# [Fri 1st Aug 2014] BASHY BEATS SOUTHSIDE PARTY (The Queens Head)



## porno thieving gypsy (Jul 8, 2014)

The Bashy Beats crew return to the Queens Head in Brixton for another Southside Party. This time we have a very special guest for you, founder of Technicality and Inperspective records – CHRIS INPERSPECTIVE. With support on the night from Aural Voyeurism, Richie Blood and Six who’ll be spanning the musical landscape to cater directly for those who like to get out, get down, and GET BASHY!

FREE ALL NIGHT. 
OUTDOOR / SMOKING AREA. 
LATE LICENSE TILL 3AM. 
NEAREST TUBE: BRIXTON / STOCKWELL

WWW.BASHYBEATS.COM


----------



## editor (Jul 8, 2014)

The date of the flier does not match this listing!

Good luck for tonight though!


----------



## porno thieving gypsy (Jul 8, 2014)

Balls! Have updated it now so hopefully its all sorted.

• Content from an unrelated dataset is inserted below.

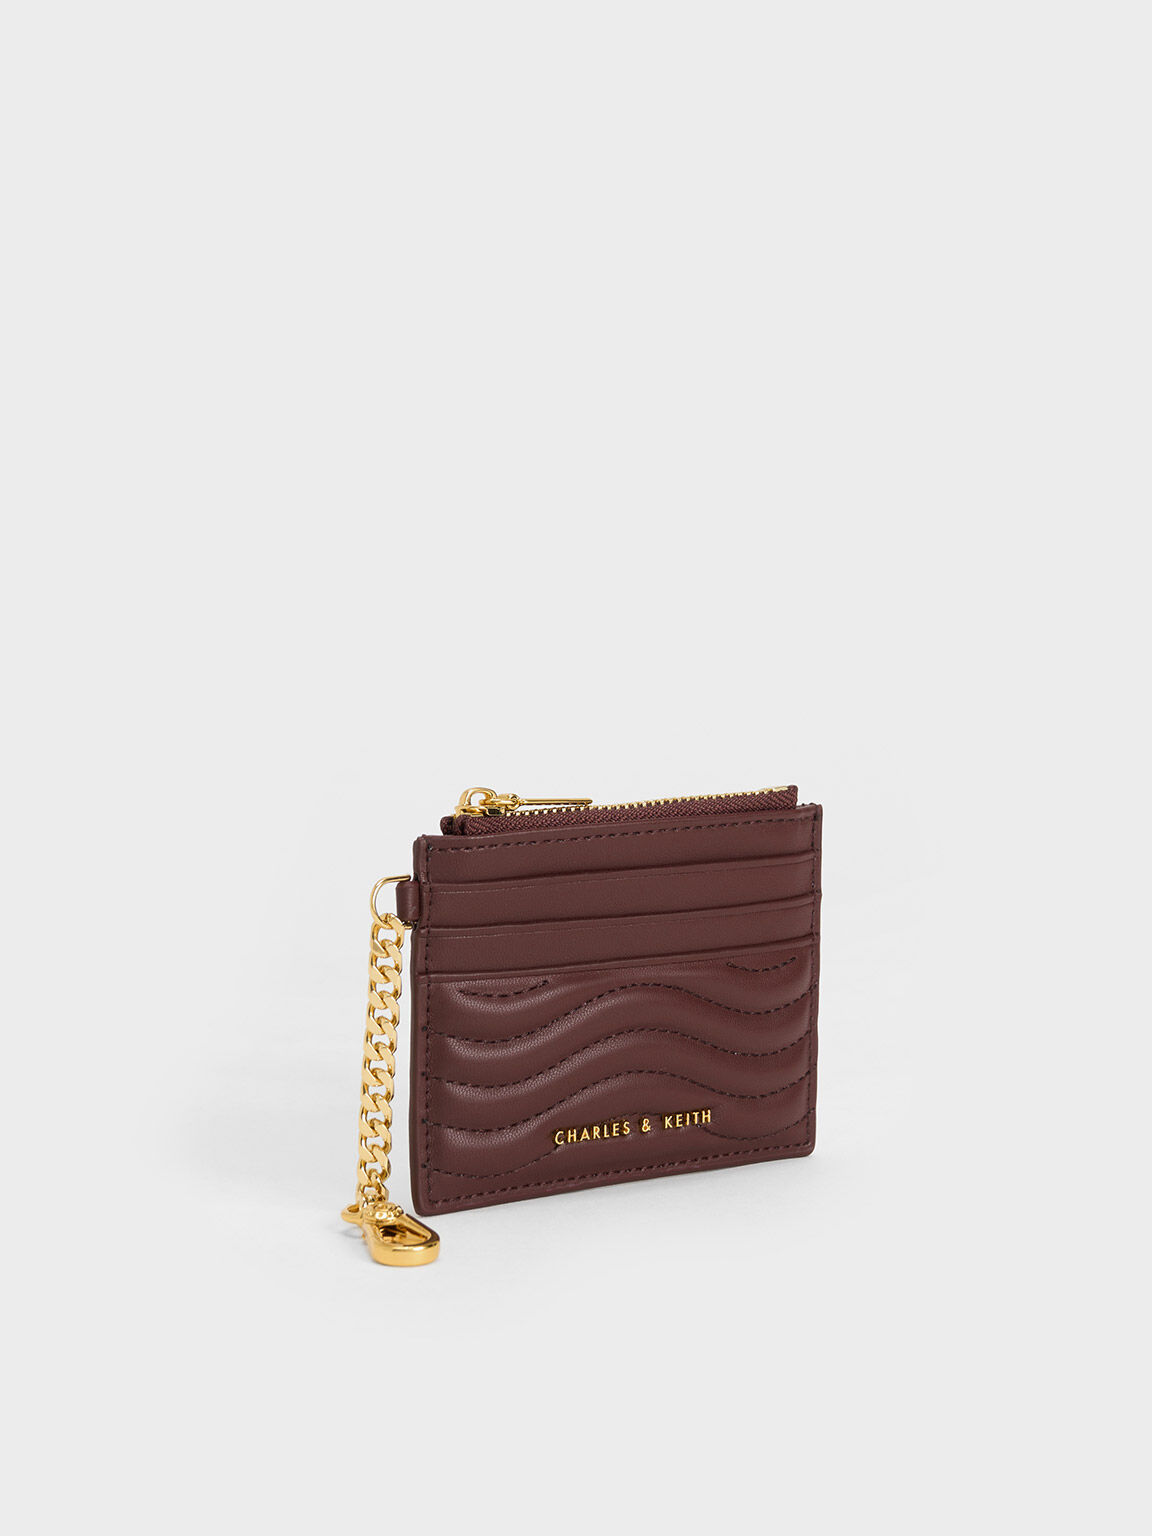 Buy Charles Keith Gift Cards & Gift Vouchers in Kuwait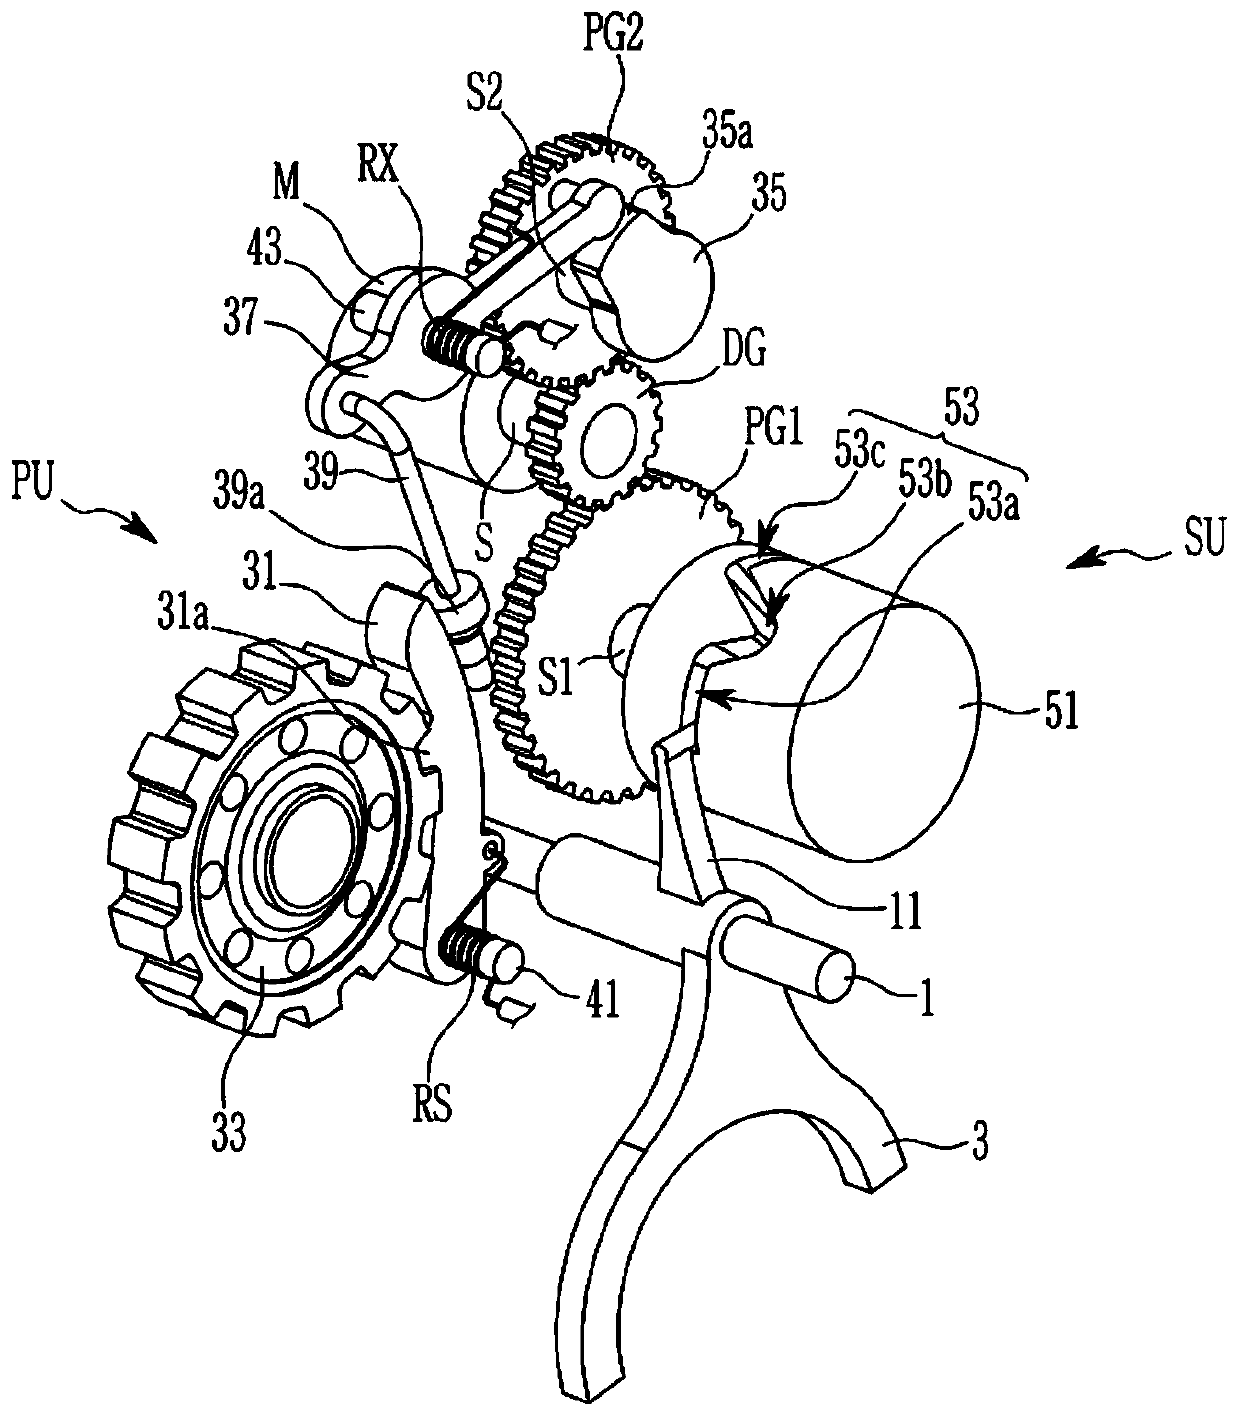 Gear shifting device for multi-speed transmission of electric vehicles

Cheers for the heads up!


----------



## editor (Jul 8, 2014)

Make sure you get it up on B Buzz! 
http://www.brixtonbuzz.com/add-your-event/


----------



## porno thieving gypsy (Aug 1, 2014)

Bumpity bump - its tonight folks!


----------



## editor (Aug 1, 2014)

There's literally TOO MUCH on in Brixton tonight! I will try and pop in though.


----------